Hyperbola: Meaning, Equation, Formula, Graph, Shape

The four curves - circle, parabola, ellipse, and hyperbola are called conic sections because they can be formed by interesting a double right circular cone with a plane. The locus of a point moves in a plane such that the ratio of the distance from a fixed point (focus) to the distance from a fixed line (directrix) is constant, the value of which is more than 1. In real life, we use hyperbola to predict the path of the satellite.
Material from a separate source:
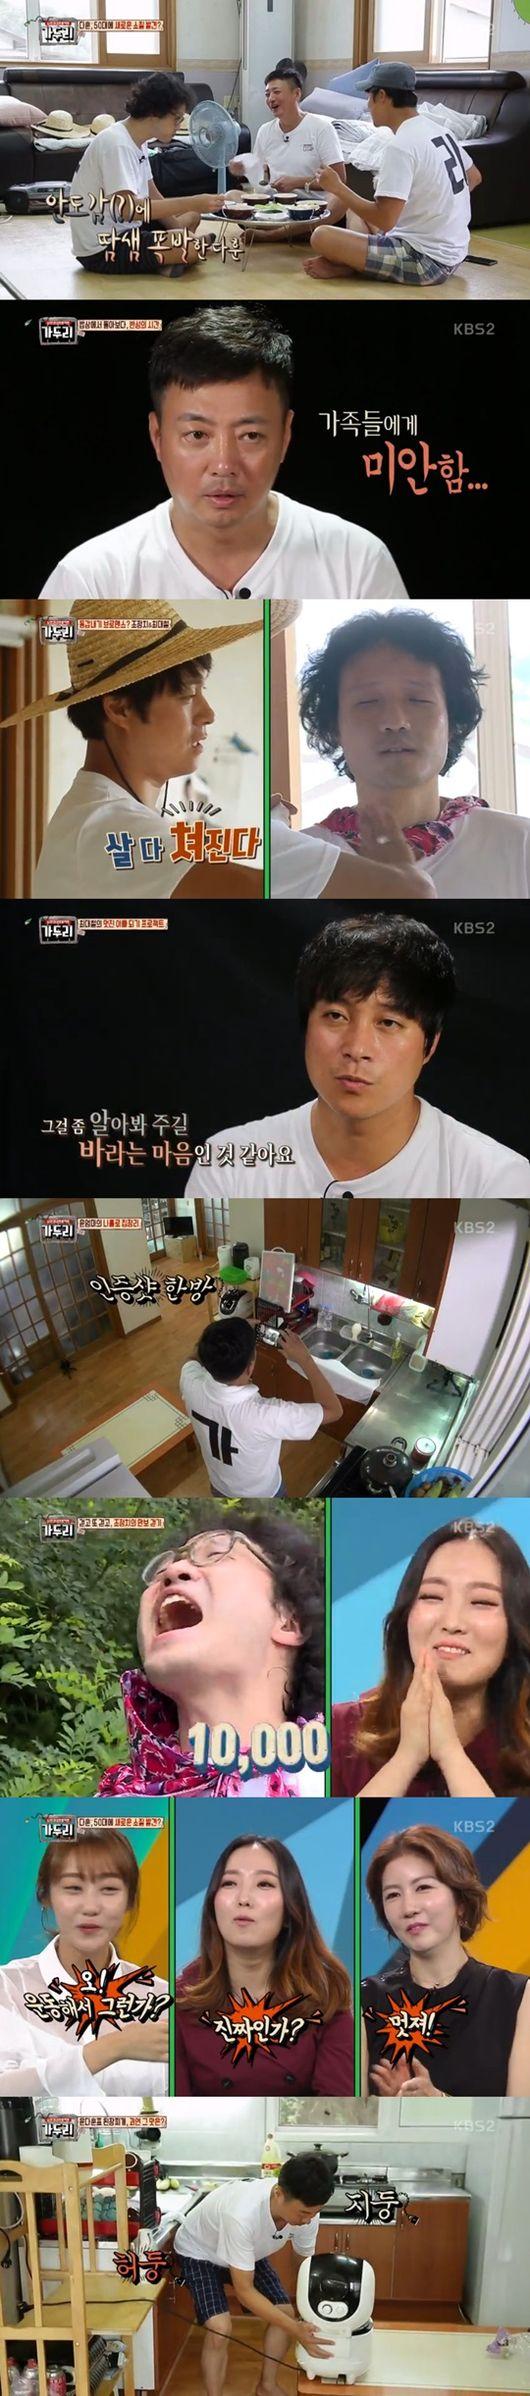 '가두리' 첫방, 윤다훈X최대철X조정치의 '가족이해' 미션기 [종합]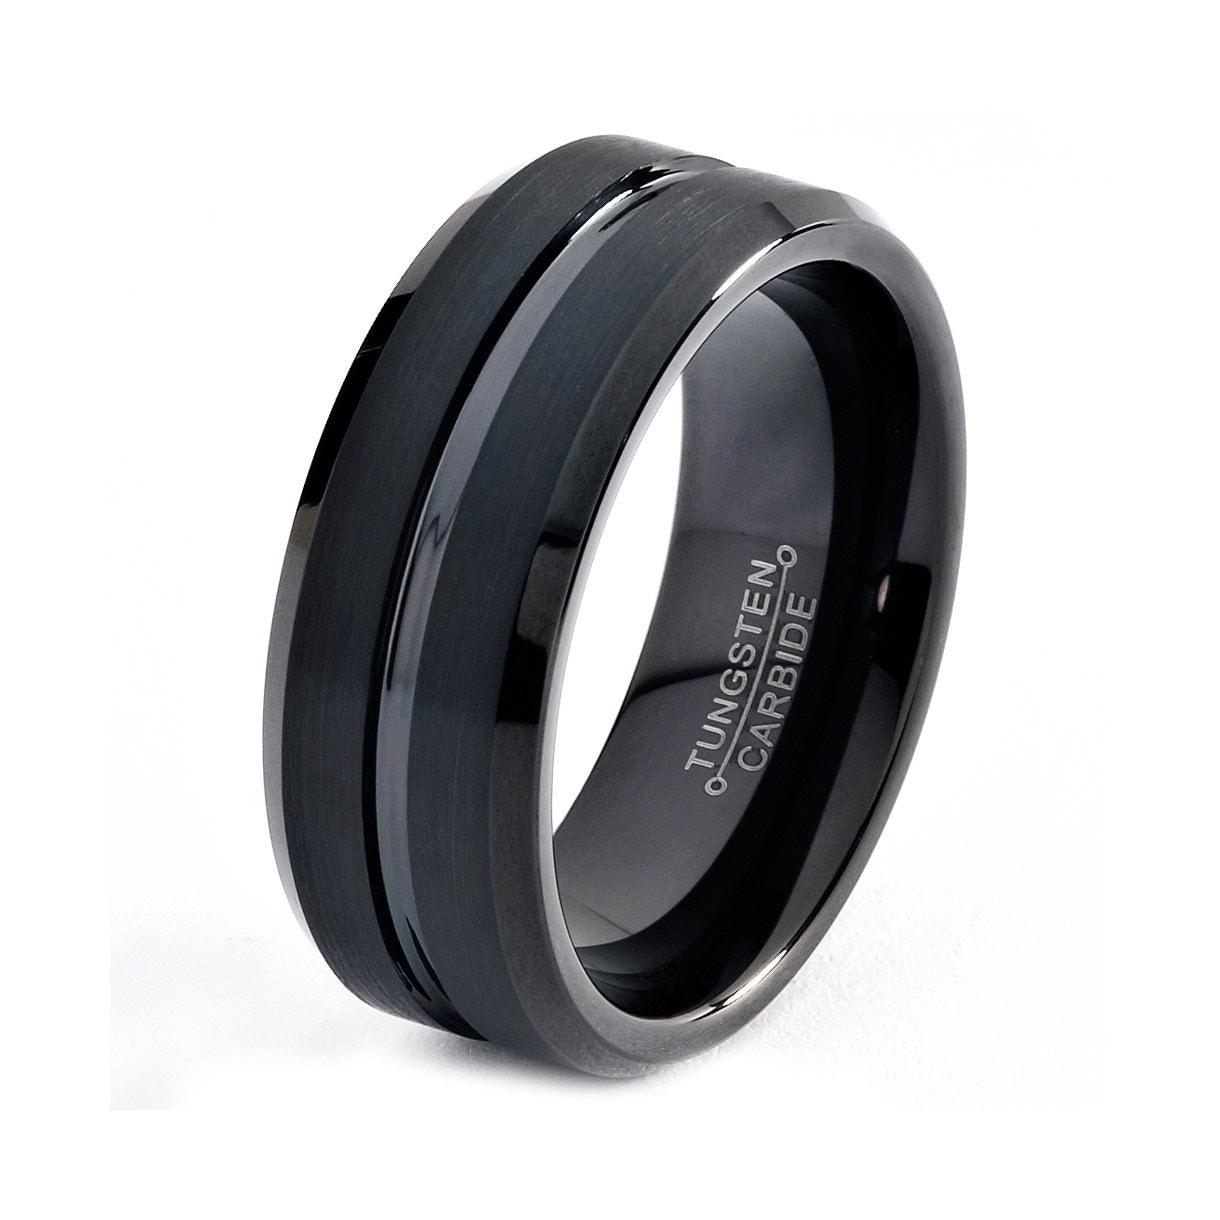 Rings For Men Black Tungsten Rings For Men Camo Black

In this article, we will cover the concept of Hyperbola. This category falls under the broader category of Coordinate Geometry, which is a crucial Chapter in class 11 Mathematics. It is not only essential for board exams but also for competitive exams like the Joint Entrance Examination(JEE Main) and other entrance exams such as SRMJEE, BITSAT, WBJEE, BCECE, and more. A total of eighteen questions have been asked on JEE MAINS( 2013 to 2023) from this topic including three in 2019, three in 2020, one in 2021, seven in 2022, and one in 2023.

What is a Hyperbola?

A Hyperbola is the set of all points ( $x, y$ ) in a plane such that the difference of their distances from two fixed points is a constant. Each fixed point is called a focus.

Or

The locus of a point moves in a plane such that the ratio of the distance from a fixed point (focus) to the distance from a fixed line (directrix) is constant. The constant is known as eccentricity $e$ and for hyperbola $\mathrm{e}>1$.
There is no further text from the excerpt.